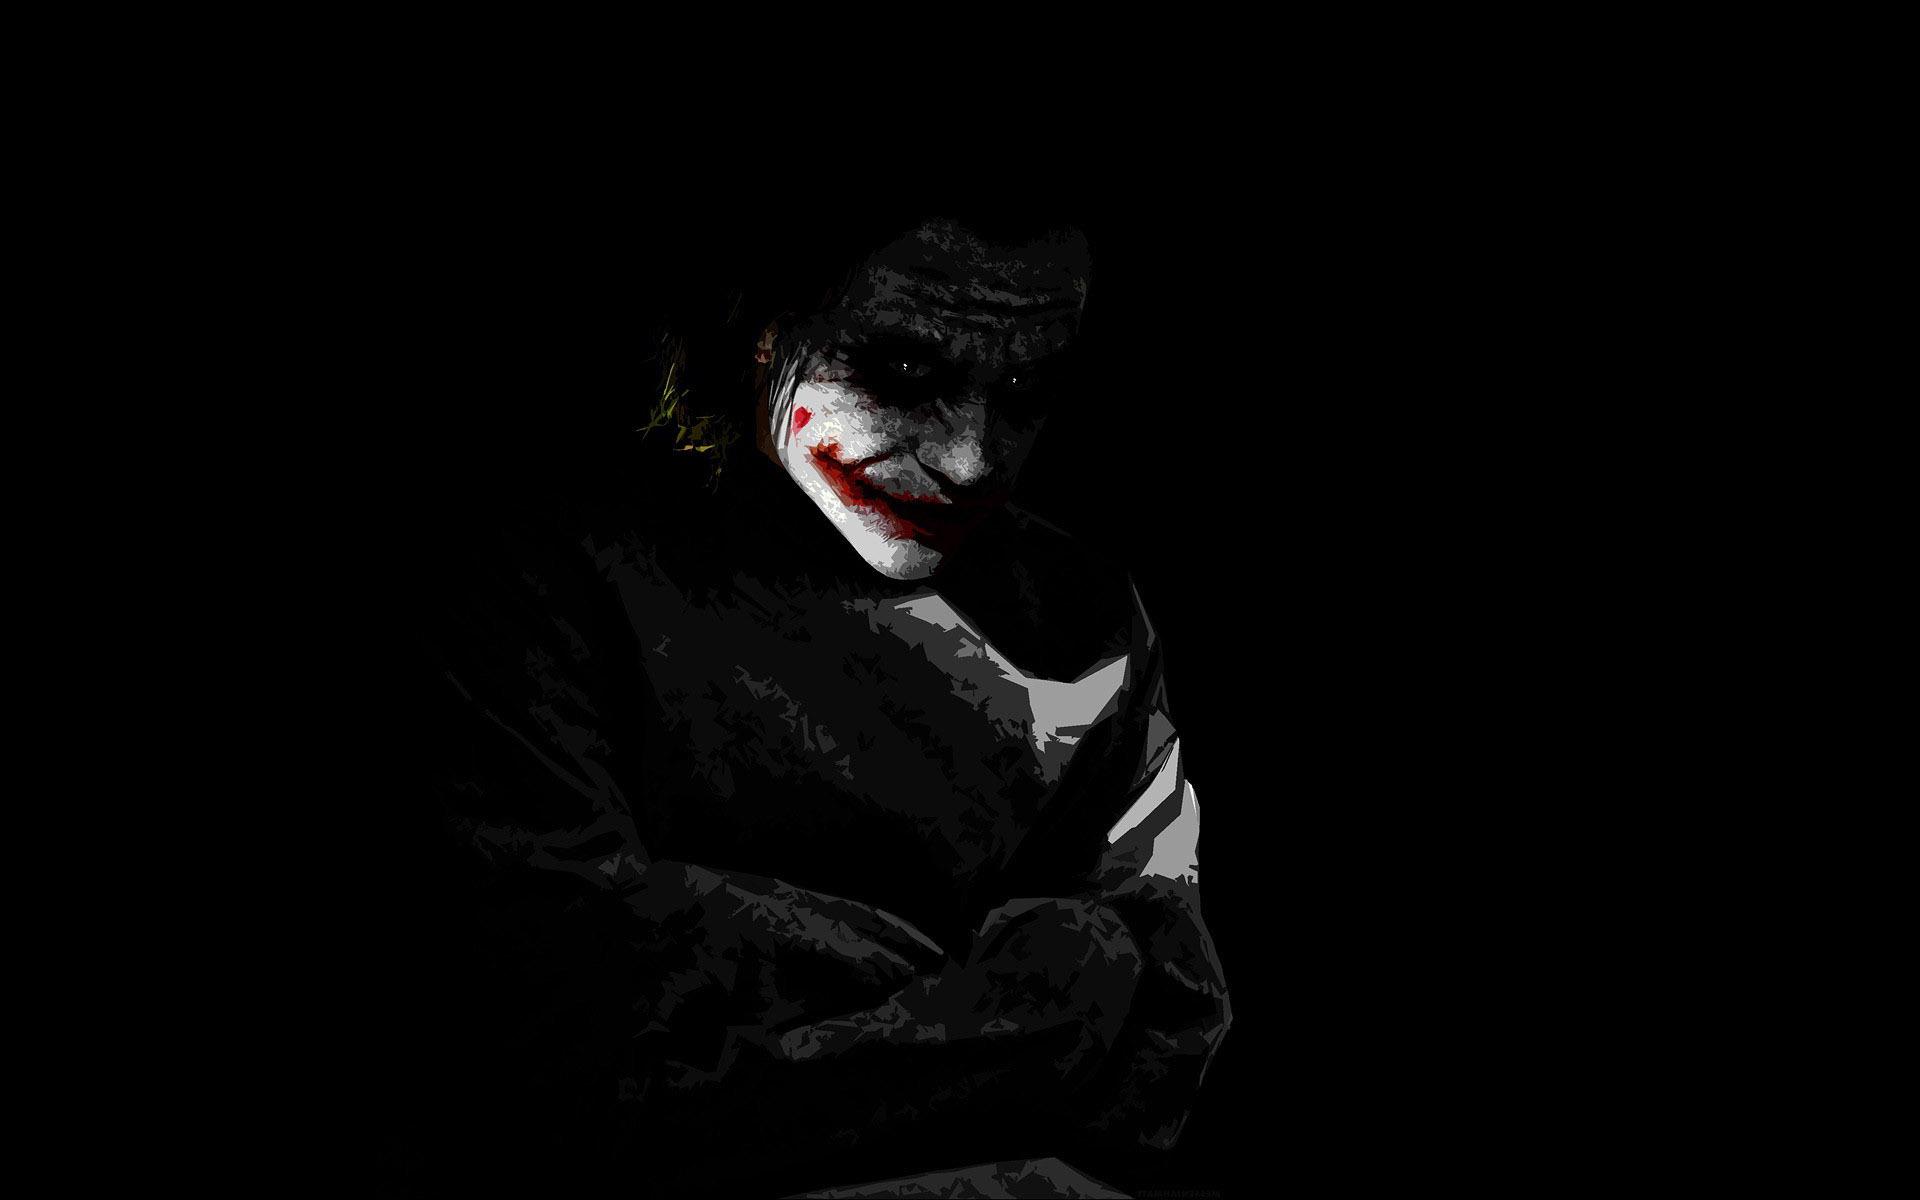 the joker digital art hd wallpaper 1920x1200 6381jpg 1920x1200
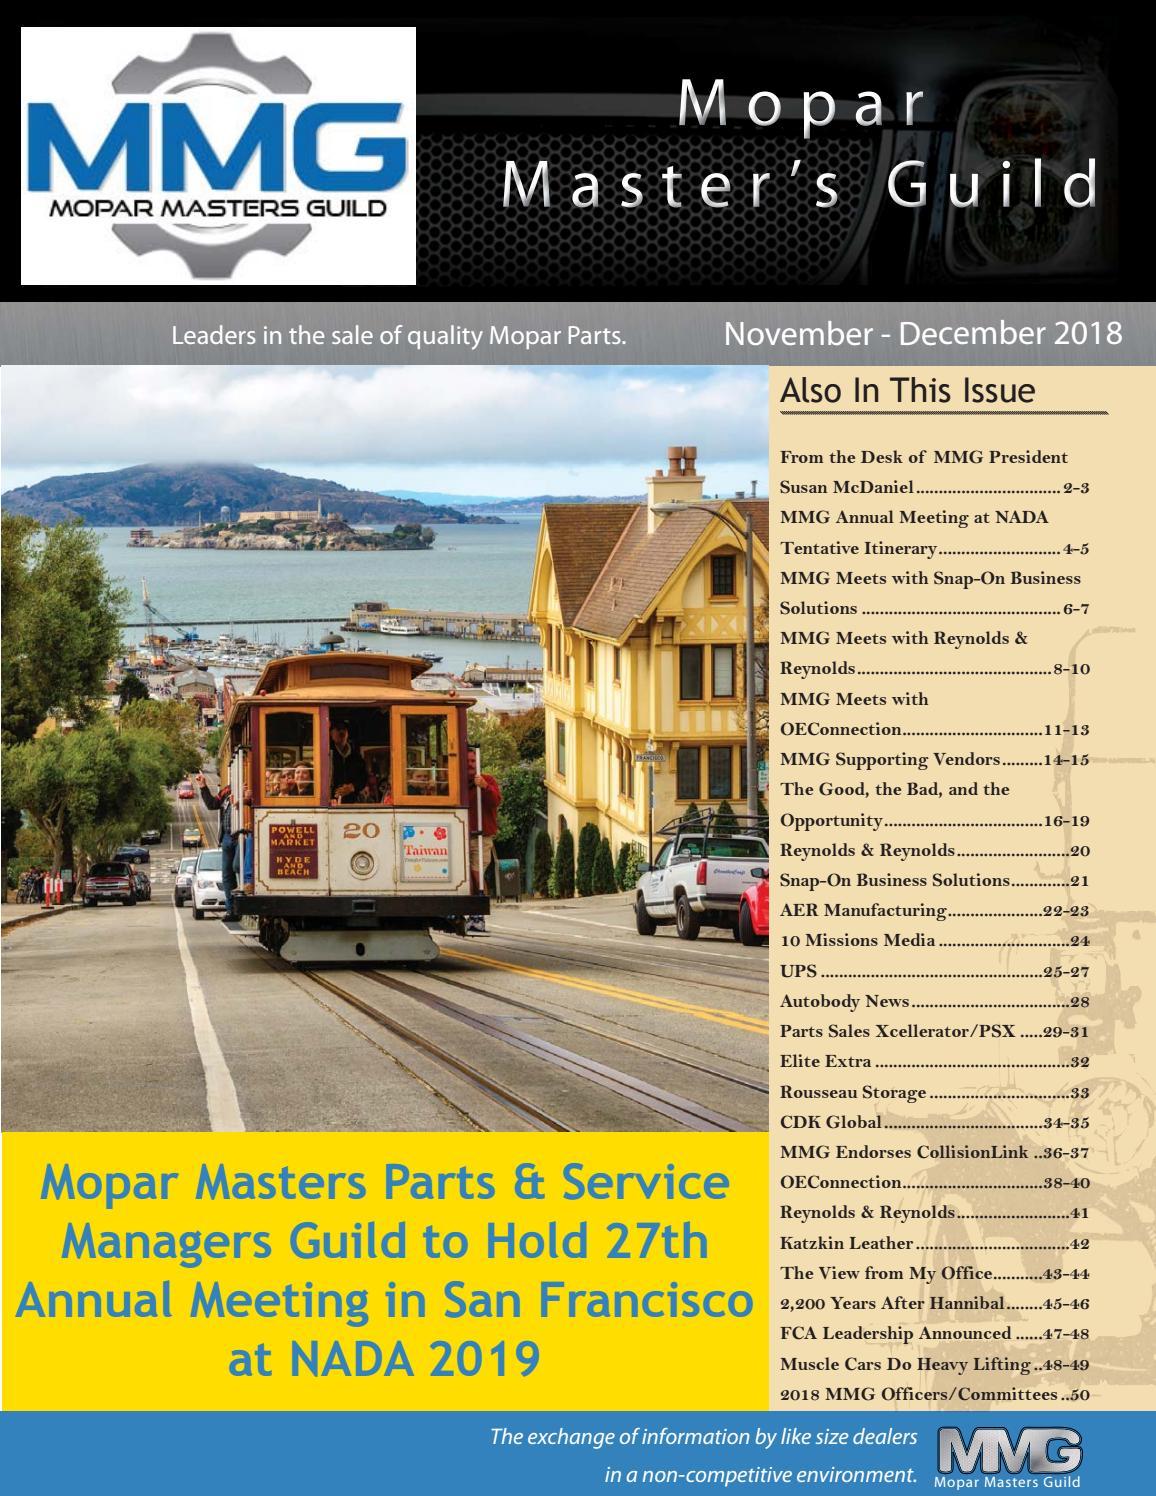 Mopar Masters Guild Magazine November - December 2018
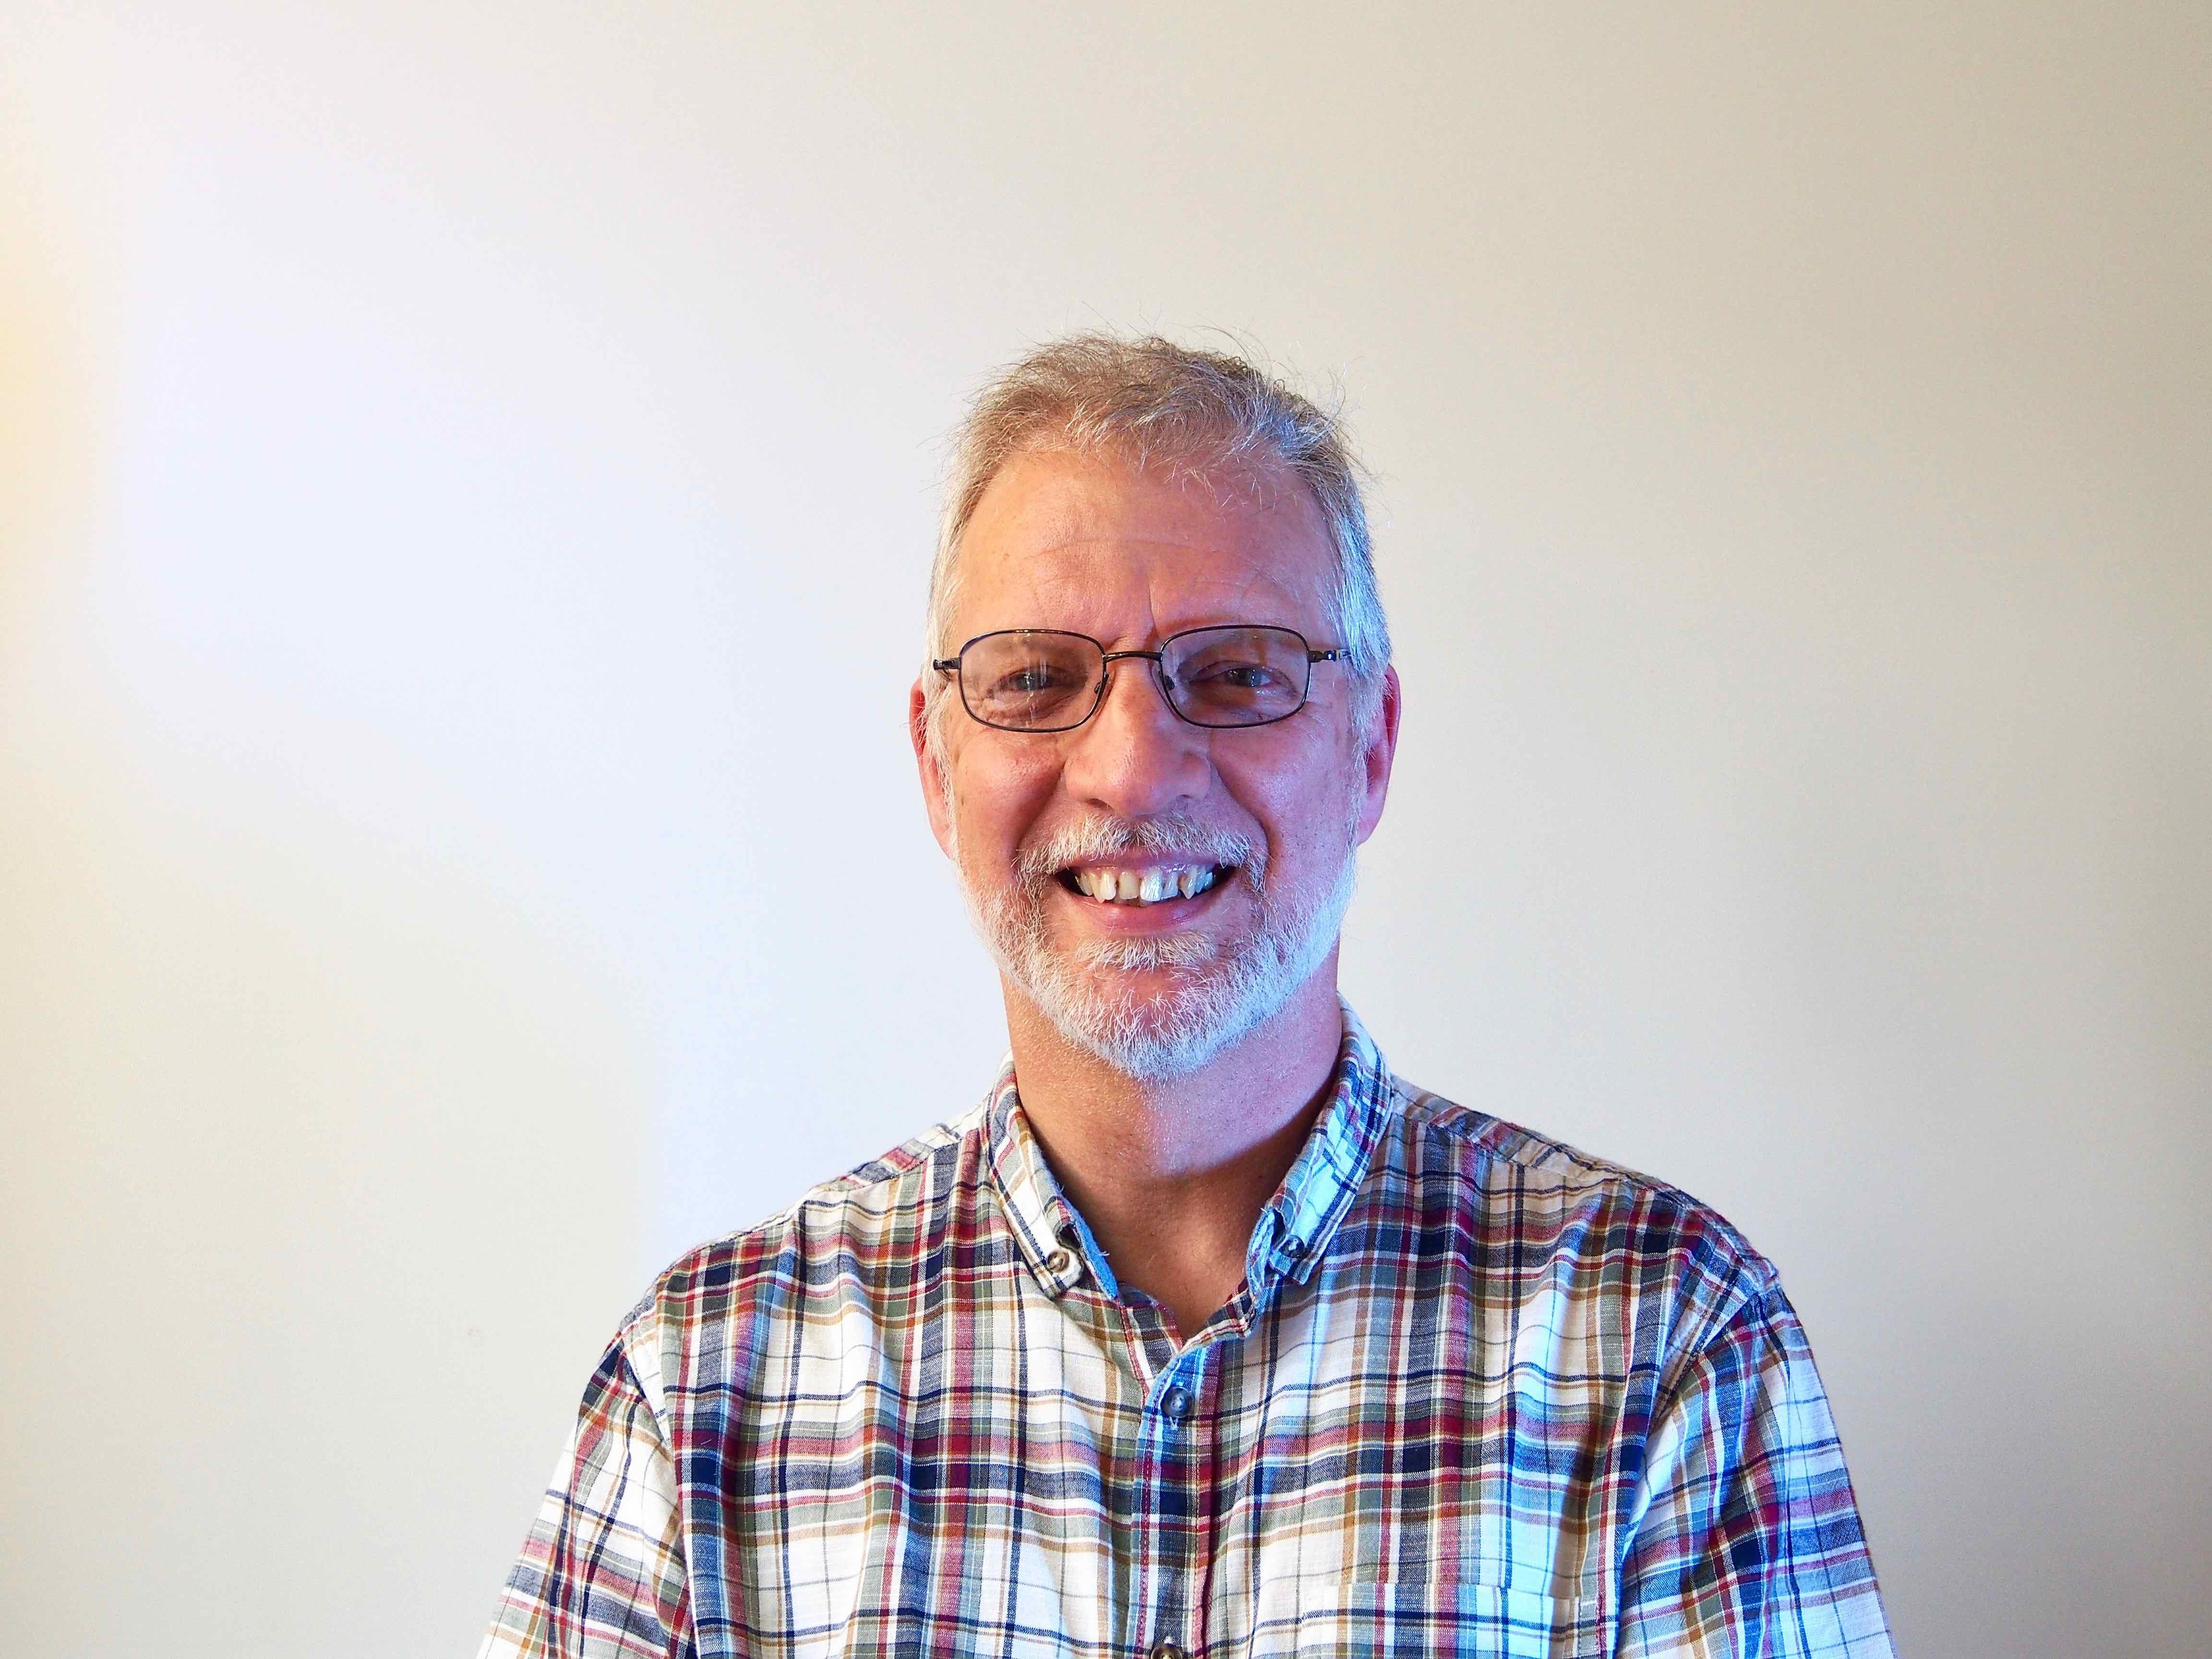 Photograph of Jon Morse

◆ ◆ ◆

** Your instructions **
Please return the lines from the line with "Mopar Masters Guild" through the last line of the data, both included, exactly, and without pictures.

** Answer for the task **
 Mopar Masters Guild Magazine November - December 2018
 Photograph of Jon Morse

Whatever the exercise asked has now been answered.